Update to Thrust 1.17.0 (#11437)

bdice · web-flow · commit 0df617810ce6 · 2022-08-11T02:25:06.000Z
Updates the bundled version of Thrust to 1.17.0. I will run benchmarks and include results in a comment below.
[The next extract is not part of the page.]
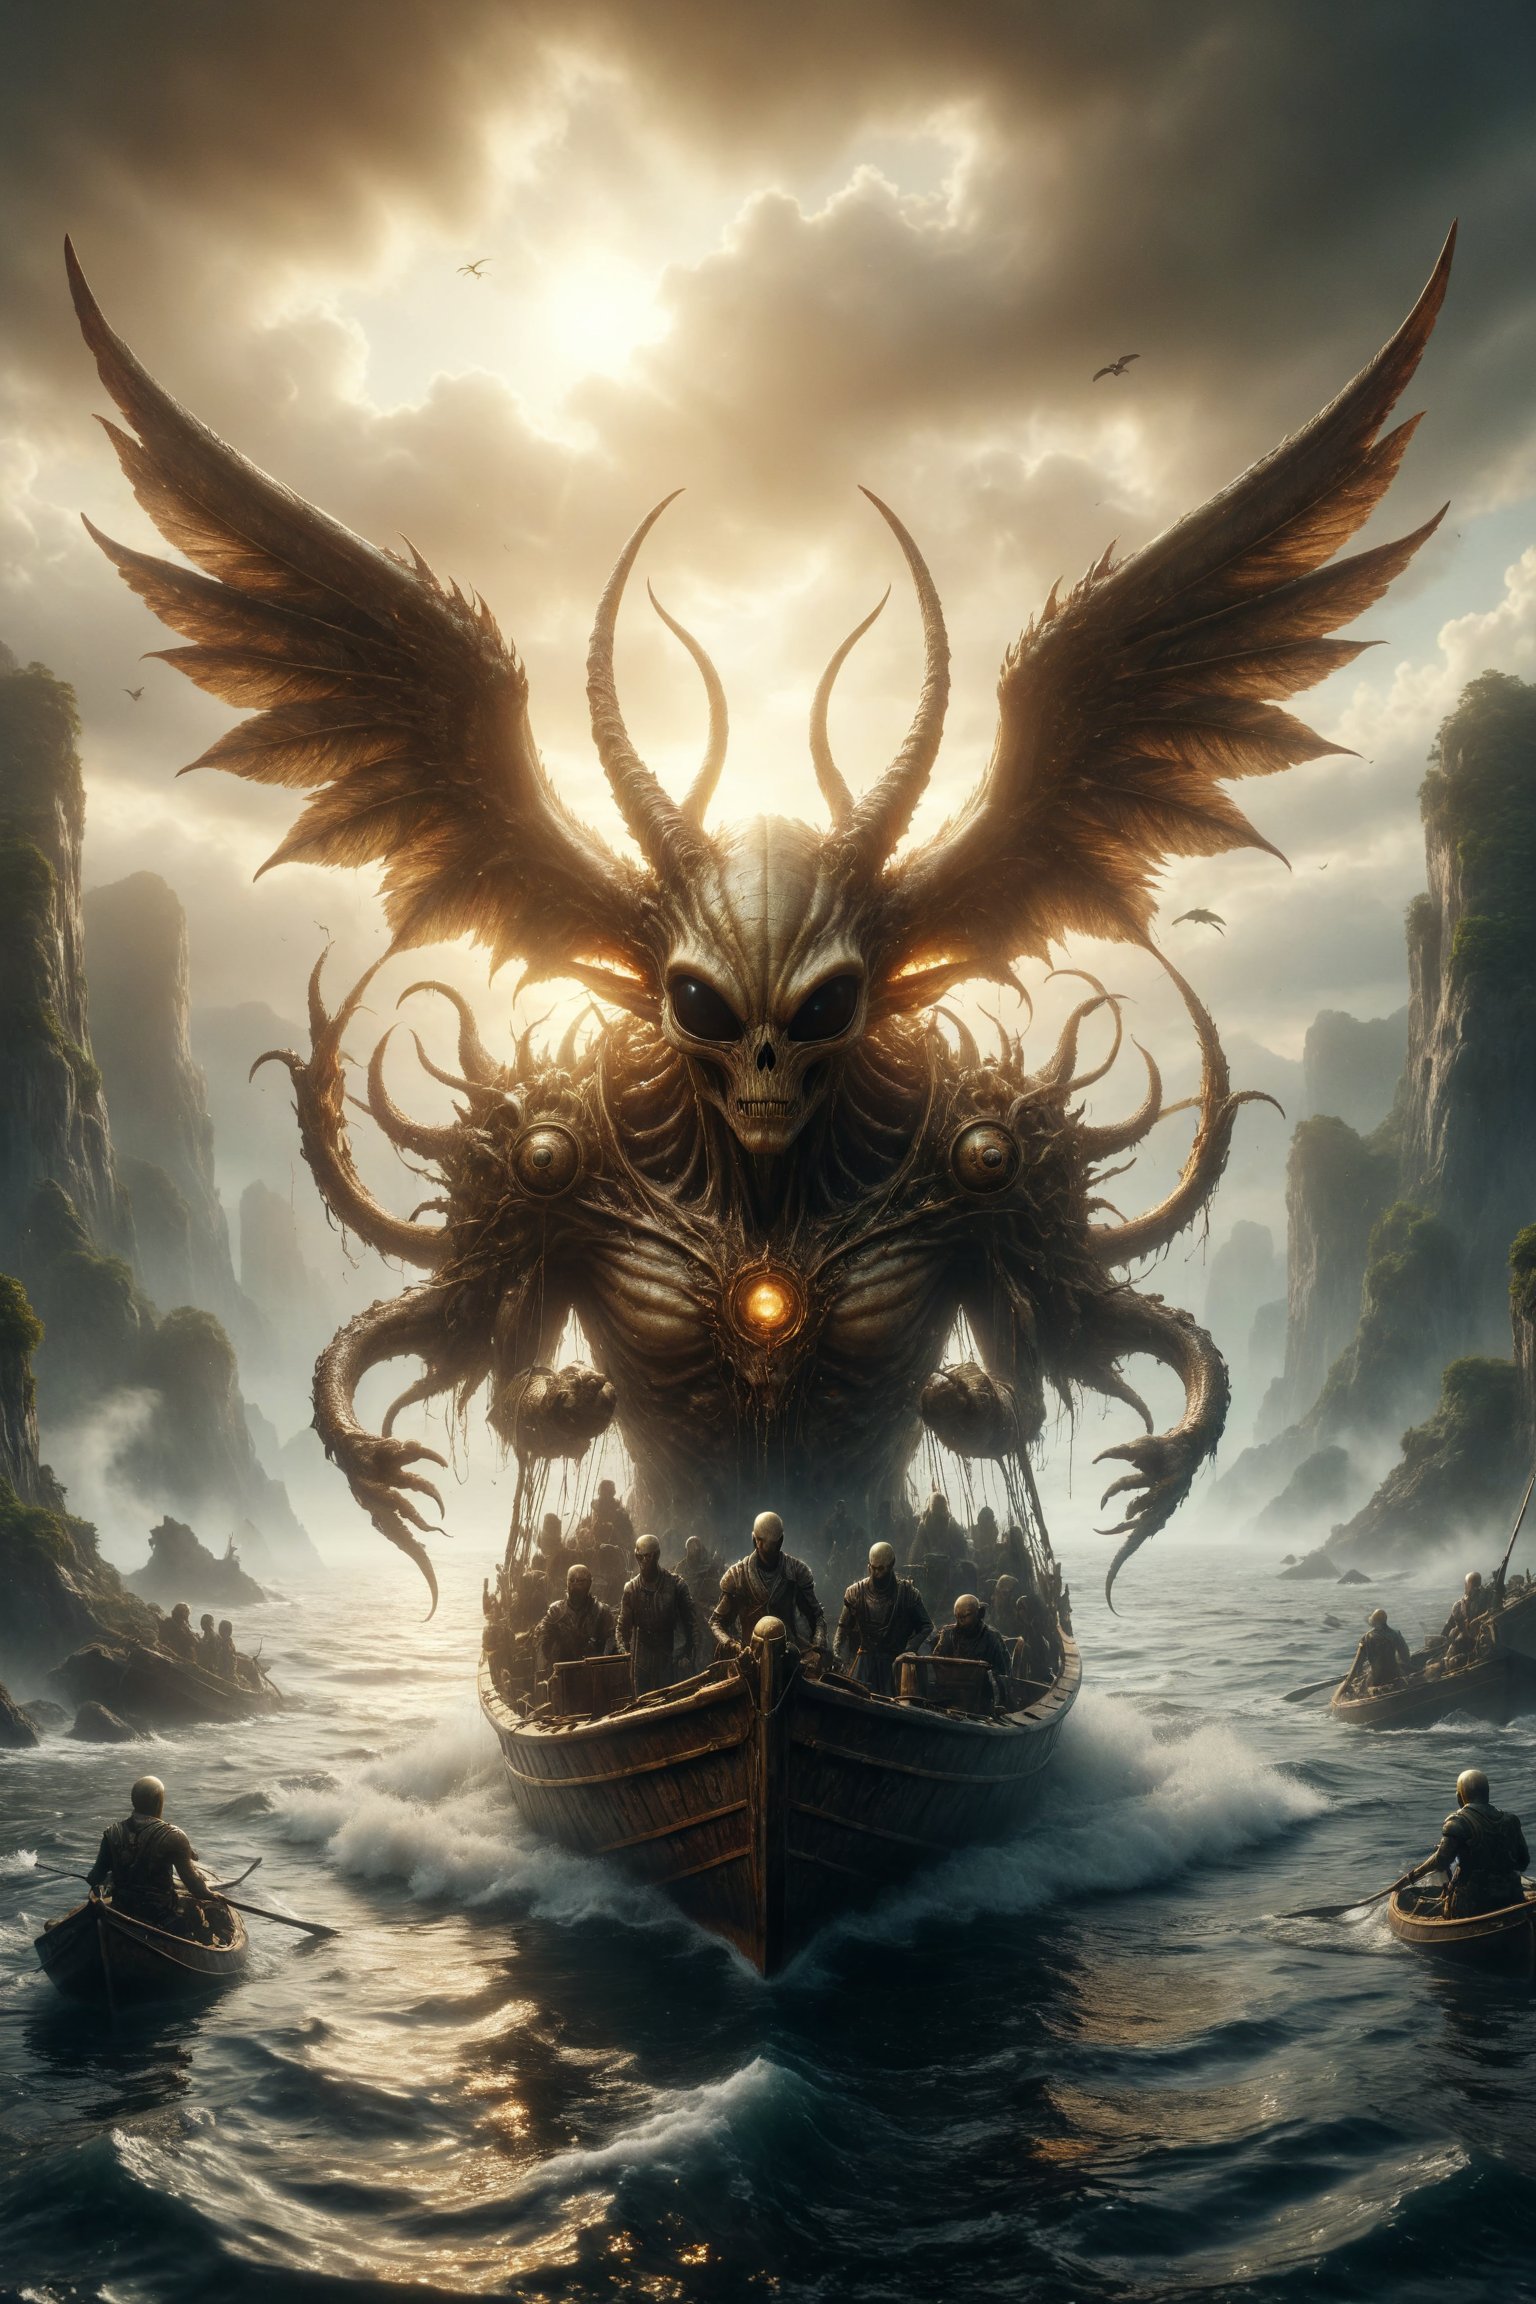 Generate a scene of a  golden luxury alien with wings and horns and its family sailing in a boat towards calm waters, leaving behind turbulent waters and six swords stuck in the bottom, symbolizing transition, journey, and overcoming.

Depends on #11457. Supersedes #10489, #10577, #10586. Closes #10841. **This should be merged concurrently with rapidsai/rapids-cmake#231 Authors: - Bradley Dice (https://github.com/bdice) Approvers: - David Wendt (https://github.com/davidwendt) - Nghia Truong (https://github.com/ttnghia) - Robert Maynard (https://github.com/robertmaynard) URL: #11437
diff --git a/cpp/cmake/thirdparty/get_thrust.cmake b/cpp/cmake/thirdparty/get_thrust.cmake
@@ -80,6 +80,6 @@ function(find_and_configure_thrust VERSION)
   endif()
 endfunction()
 
-set(CUDF_MIN_VERSION_Thrust 1.15.0)
+set(CUDF_MIN_VERSION_Thrust 1.17.0)
 
 find_and_configure_thrust(${CUDF_MIN_VERSION_Thrust})
diff --git a/cpp/cmake/thrust.patch b/cpp/cmake/thrust.patch
@@ -1,83 +1,116 @@
-diff --git a/thrust/system/cuda/detail/sort.h b/thrust/system/cuda/detail/sort.h
-index 1ffeef0..5e80800 100644
---- a/thrust/system/cuda/detail/sort.h
-+++ b/thrust/system/cuda/detail/sort.h
-@@ -108,7 +108,7 @@ namespace __merge_sort {
-     key_type key2 = keys_shared[keys2_beg];
- 
- 
+diff --git a/cub/block/block_merge_sort.cuh b/cub/block/block_merge_sort.cuh
+index 4769df36..d86d6342 100644
+--- a/cub/block/block_merge_sort.cuh
++++ b/cub/block/block_merge_sort.cuh
+@@ -91,7 +91,7 @@ __device__ __forceinline__ void SerialMerge(KeyT *keys_shared,
+   KeyT key1 = keys_shared[keys1_beg];
+   KeyT key2 = keys_shared[keys2_beg];
+
 -#pragma unroll
 +#pragma unroll 1
-     for (int ITEM = 0; ITEM < ITEMS_PER_THREAD; ++ITEM)
-     {
-       bool p = (keys2_beg < keys2_end) &&
-@@ -311,10 +311,10 @@ namespace __merge_sort {
-       void stable_odd_even_sort(key_type (&keys)[ITEMS_PER_THREAD],
-                                 item_type (&items)[ITEMS_PER_THREAD])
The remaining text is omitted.